Overview

By adding the tags auto-propagation feature in Snowflake, it effectively shifted the data governance to the left at the source level and removed the burden and responsibility of identifying downstream columns which are potentially breaking the data governance strategy and exposing sensitive data due to an human error.

In Snowflake, best practices for data governance is to use masking policies associated with tags.

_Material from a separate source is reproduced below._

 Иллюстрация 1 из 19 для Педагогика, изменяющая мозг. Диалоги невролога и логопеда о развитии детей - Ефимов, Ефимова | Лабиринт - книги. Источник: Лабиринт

For sensitive data, masking at column level is the most common and best practice, so tags are applied at column level in Snowflake.

alt text

For example lets take this table user_info as an example for a table with sensitive information:

customer_id first_name last_name email phone_number date_of_birth
1 Alice Smith alice.smith@email.com 555-123-4567 1990-01-15
2 Bob Johnson bob.j@email.com 555-987-6543 1985-07-22
3 Carol Lee carol.lee@email.com 555-555-1212 1992-03-10
4 David Kim david.kim@email.com 555-321-4321 1988-11-05
5 Emma Brown emma.brown@email.com 555-654-7890 1995-06-18
6 Frank Miller frank.miller@email.com 555-246-1357 1983-09-30
7 Grace Wilson grace.wilson@email.com 555-369-2580 1991-04-25
8 Henry Davis henry.davis@email.com 555-147-2583 1987-12-12
9 Ivy Clark ivy.clark@email.com 555-789-6541 1993-08-07
10 Jack Lewis jack.lewis@email.com 555-852-9630 1989-02-19

And imagine if we applied a tag ‘data_sensitivity’ to the email column with a string value of confidential, then the masking policy would automatically be applied to any queries that access this column (masking will depend on how the implementation is done).

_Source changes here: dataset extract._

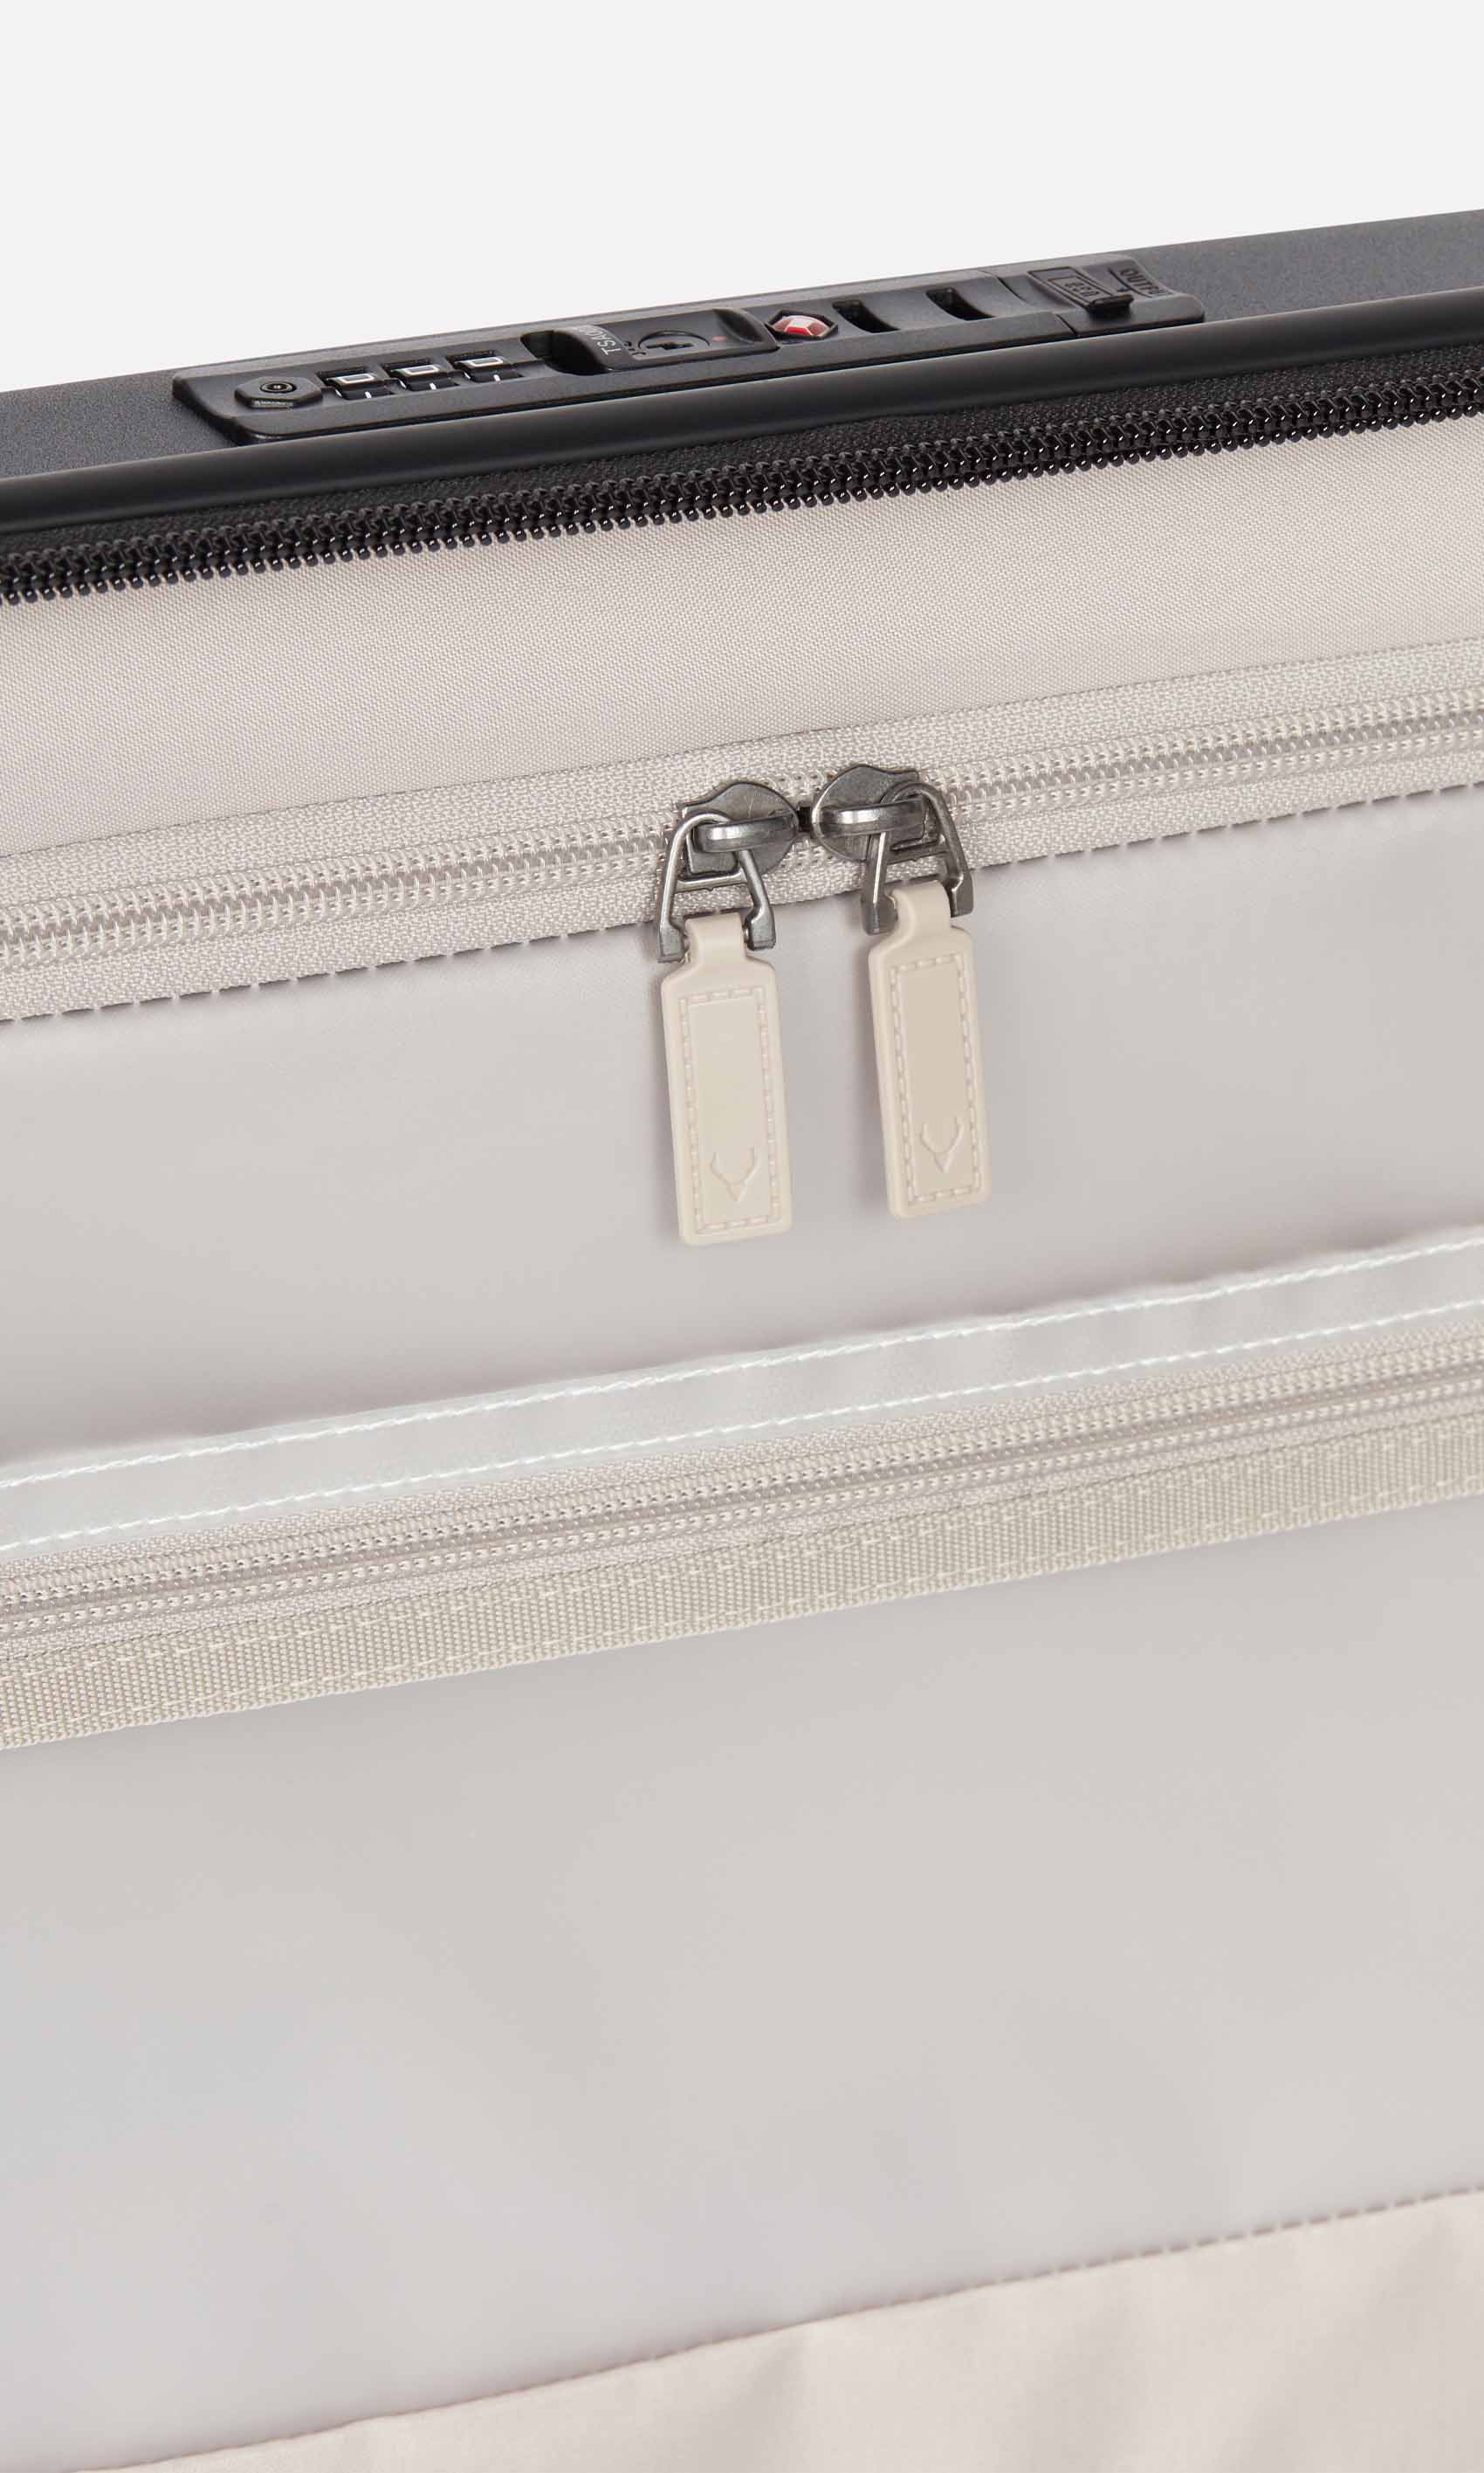 Antler Luggage -  Stamford cabin in black - Hard Suitcases Stamford Cabin Suitcase Black | Hard Luggage | Antler UK

customer_id first_name last_name email phone_number date_of_birth
1 Alice Smith **** 555-123-4567 1990-01-15
2 Bob Johnson **** 555-987-6543 1985-07-22
3 Carol Lee **** 555-555-1212 1992-03-10
4 David Kim **** 555-321-4321 1988-11-05
5 Emma Brown **** 555-654-7890 1995-06-18
6 Frank Miller **** 555-246-1357 1983-09-30
7 Grace Wilson **** 555-369-2580 1991-04-25
8 Henry Davis **** 555-147-2583 1987-12-12
9 Ivy Clark **** 555-789-6541 1993-08-07
10 Jack Lewis **** 555-852-9630 1989-02-19

ℹ Masking policy strategy, design and implementation is not within the scope of this article.

Pain-points

It is almost given that if data in modelled in snowflake then its implemented via dbt(data build tool). There are two main issues with using tags with dbt:

  1. You will almost always have to either have a custom macro or rely on external packages to attach tags to objects in snowflake via dbt.
  2. Tags dont propagate to the downstream models, which mean that the dbt developer now has to check every sensitive column to make sure that the tags have been appropriately applied.

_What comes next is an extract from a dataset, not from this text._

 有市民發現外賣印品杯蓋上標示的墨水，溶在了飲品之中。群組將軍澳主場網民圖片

Now with this new auto-propagating feature, not only will the data modelers need to stress about applying all downstream tags in dbt, but they can also add tags are model level to add new level of data sensitivity level. They have the option of making it more secure or public depending how the tag’s on-conflict property has been setup. Both cases will be part of the demo section of the article.

Lets follow on the example table. Before this feature if the user created another view/table based on the reference table user_info, then the user must manually apply the masking policy to the new view/table.

Mock Data Flow

graph LR user_info["user_info (dim)"] fact_orders["fact_orders"] fact_payments["fact_payments"] fact_activity["fact_activity"] user_info --> customer_profile user_info --> customer_loyalty user_info --> customer_activity fact_orders --> customer_profile fact_payments --> customer_loyalty fact_activity --> customer_activity customer_profile["customer_profile (model)"] customer_loyalty["customer_loyalty (model)"] customer_activity["customer_activity (model)"]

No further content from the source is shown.